Data extracted from a collection:
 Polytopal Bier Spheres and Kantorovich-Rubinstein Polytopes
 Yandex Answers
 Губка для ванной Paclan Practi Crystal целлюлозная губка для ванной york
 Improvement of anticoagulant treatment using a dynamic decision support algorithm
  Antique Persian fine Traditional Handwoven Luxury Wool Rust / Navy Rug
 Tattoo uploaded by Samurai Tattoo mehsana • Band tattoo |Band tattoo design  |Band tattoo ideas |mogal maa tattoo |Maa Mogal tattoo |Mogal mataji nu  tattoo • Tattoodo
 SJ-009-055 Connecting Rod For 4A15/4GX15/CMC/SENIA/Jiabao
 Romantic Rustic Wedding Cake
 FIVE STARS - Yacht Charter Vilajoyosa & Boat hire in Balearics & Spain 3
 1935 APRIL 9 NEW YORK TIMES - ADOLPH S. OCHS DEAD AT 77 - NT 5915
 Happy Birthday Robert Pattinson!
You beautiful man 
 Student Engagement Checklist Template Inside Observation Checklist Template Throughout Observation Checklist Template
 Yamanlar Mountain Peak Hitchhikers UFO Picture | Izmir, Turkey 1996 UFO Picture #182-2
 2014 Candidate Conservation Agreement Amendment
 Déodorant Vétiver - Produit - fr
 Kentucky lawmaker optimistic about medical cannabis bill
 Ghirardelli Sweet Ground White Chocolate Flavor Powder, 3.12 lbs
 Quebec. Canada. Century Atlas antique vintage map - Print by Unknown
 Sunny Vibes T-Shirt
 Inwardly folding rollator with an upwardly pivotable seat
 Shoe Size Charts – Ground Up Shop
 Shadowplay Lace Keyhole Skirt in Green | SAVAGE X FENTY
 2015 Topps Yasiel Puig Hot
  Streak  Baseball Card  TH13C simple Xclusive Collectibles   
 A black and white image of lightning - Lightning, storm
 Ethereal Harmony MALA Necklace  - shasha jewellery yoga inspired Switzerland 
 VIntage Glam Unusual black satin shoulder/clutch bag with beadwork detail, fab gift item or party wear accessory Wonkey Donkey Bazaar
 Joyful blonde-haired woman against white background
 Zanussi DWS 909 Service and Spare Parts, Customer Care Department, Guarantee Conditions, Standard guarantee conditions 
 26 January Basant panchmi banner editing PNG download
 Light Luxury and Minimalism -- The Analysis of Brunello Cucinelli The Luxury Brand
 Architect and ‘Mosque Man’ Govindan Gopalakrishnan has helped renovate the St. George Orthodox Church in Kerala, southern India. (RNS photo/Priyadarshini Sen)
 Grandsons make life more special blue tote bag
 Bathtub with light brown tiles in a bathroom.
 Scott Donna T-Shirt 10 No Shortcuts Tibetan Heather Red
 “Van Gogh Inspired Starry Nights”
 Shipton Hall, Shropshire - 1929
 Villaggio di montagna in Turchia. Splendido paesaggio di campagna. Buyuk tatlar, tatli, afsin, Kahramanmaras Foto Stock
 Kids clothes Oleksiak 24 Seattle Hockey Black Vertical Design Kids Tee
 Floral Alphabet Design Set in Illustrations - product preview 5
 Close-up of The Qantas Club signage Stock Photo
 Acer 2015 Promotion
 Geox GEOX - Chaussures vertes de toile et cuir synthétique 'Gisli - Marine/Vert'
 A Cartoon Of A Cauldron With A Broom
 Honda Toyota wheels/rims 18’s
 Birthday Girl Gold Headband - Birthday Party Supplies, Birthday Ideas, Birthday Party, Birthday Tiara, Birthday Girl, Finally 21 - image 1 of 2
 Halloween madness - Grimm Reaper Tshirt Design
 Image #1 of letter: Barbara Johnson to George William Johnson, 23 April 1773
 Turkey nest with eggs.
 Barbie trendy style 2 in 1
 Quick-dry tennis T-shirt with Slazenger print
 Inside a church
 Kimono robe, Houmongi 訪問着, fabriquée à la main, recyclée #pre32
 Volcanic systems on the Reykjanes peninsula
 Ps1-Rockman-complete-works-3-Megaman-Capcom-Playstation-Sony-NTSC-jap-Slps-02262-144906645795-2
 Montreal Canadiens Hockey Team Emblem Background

● **DESCRIPTION OF THE TASK**
Retype the records above, but only those lines that fall between the line containing "Joyful blonde-haired woman" and the line containing "Barbie trendy style 2 in 1", with both of those lines included, exactly as written.

● **SOLUTION BELOW**
 Joyful blonde-haired woman against white background
 Zanussi DWS 909 Service and Spare Parts, Customer Care Department, Guarantee Conditions, Standard guarantee conditions 
 26 January Basant panchmi banner editing PNG download
 Light Luxury and Minimalism -- The Analysis of Brunello Cucinelli The Luxury Brand
 Architect and ‘Mosque Man’ Govindan Gopalakrishnan has helped renovate the St. George Orthodox Church in Kerala, southern India. (RNS photo/Priyadarshini Sen)
 Grandsons make life more special blue tote bag
 Bathtub with light brown tiles in a bathroom.
 Scott Donna T-Shirt 10 No Shortcuts Tibetan Heather Red
 “Van Gogh Inspired Starry Nights”
 Shipton Hall, Shropshire - 1929
 Villaggio di montagna in Turchia. Splendido paesaggio di campagna. Buyuk tatlar, tatli, afsin, Kahramanmaras Foto Stock
 Kids clothes Oleksiak 24 Seattle Hockey Black Vertical Design Kids Tee
 Floral Alphabet Design Set in Illustrations - product preview 5
 Close-up of The Qantas Club signage Stock Photo
 Acer 2015 Promotion
 Geox GEOX - Chaussures vertes de toile et cuir synthétique 'Gisli - Marine/Vert'
 A Cartoon Of A Cauldron With A Broom
 Honda Toyota wheels/rims 18’s
 Birthday Girl Gold Headband - Birthday Party Supplies, Birthday Ideas, Birthday Party, Birthday Tiara, Birthday Girl, Finally 21 - image 1 of 2
 Halloween madness - Grimm Reaper Tshirt Design
 Image #1 of letter: Barbara Johnson to George William Johnson, 23 April 1773
 Turkey nest with eggs.
 Barbie trendy style 2 in 1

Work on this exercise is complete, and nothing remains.